### PROVIDED MATERIAL:
....

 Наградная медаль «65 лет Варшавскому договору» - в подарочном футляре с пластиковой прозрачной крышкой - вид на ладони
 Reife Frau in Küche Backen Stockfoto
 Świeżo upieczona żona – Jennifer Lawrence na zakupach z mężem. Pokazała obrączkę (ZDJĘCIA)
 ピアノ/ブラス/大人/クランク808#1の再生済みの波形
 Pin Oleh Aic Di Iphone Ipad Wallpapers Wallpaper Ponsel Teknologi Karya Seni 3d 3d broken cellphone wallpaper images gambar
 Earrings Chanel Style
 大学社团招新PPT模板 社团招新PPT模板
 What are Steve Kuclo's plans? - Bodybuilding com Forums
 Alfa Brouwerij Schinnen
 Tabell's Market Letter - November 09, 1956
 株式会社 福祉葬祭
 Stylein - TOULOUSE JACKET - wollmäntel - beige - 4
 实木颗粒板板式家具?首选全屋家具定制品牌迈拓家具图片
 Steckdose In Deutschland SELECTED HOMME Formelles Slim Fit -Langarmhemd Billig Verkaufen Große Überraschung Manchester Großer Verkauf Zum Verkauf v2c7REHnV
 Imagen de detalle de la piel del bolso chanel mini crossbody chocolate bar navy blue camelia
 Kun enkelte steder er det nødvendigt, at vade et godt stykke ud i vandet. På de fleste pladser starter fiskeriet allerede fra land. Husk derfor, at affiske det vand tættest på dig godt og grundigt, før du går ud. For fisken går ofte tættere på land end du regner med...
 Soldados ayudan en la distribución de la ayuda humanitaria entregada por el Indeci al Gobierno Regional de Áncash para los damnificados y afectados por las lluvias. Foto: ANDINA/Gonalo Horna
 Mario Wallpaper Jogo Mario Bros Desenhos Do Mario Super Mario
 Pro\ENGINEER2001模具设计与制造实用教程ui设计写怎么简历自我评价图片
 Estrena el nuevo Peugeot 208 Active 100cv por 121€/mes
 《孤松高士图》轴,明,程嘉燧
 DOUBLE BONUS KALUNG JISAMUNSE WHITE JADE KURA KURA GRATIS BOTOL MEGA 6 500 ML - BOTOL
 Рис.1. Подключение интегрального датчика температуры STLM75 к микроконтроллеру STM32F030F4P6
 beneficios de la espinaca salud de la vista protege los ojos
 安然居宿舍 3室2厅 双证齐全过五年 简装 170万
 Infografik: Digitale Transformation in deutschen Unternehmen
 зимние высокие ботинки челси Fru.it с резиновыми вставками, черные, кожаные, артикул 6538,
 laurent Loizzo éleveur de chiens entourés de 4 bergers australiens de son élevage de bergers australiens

....

### AIM OF THE TASK:
Every line from the one containing "Рис.1. Подключение интегрального" to the final line of the listing above should be set down exactly, with nothing added.

### ANSWER BOX:
 Рис.1. Подключение интегрального датчика температуры STLM75 к микроконтроллеру STM32F030F4P6
 beneficios de la espinaca salud de la vista protege los ojos
 安然居宿舍 3室2厅 双证齐全过五年 简装 170万
 Infografik: Digitale Transformation in deutschen Unternehmen
 зимние высокие ботинки челси Fru.it с резиновыми вставками, черные, кожаные, артикул 6538,
 laurent Loizzo éleveur de chiens entourés de 4 bergers australiens de son élevage de bergers australiens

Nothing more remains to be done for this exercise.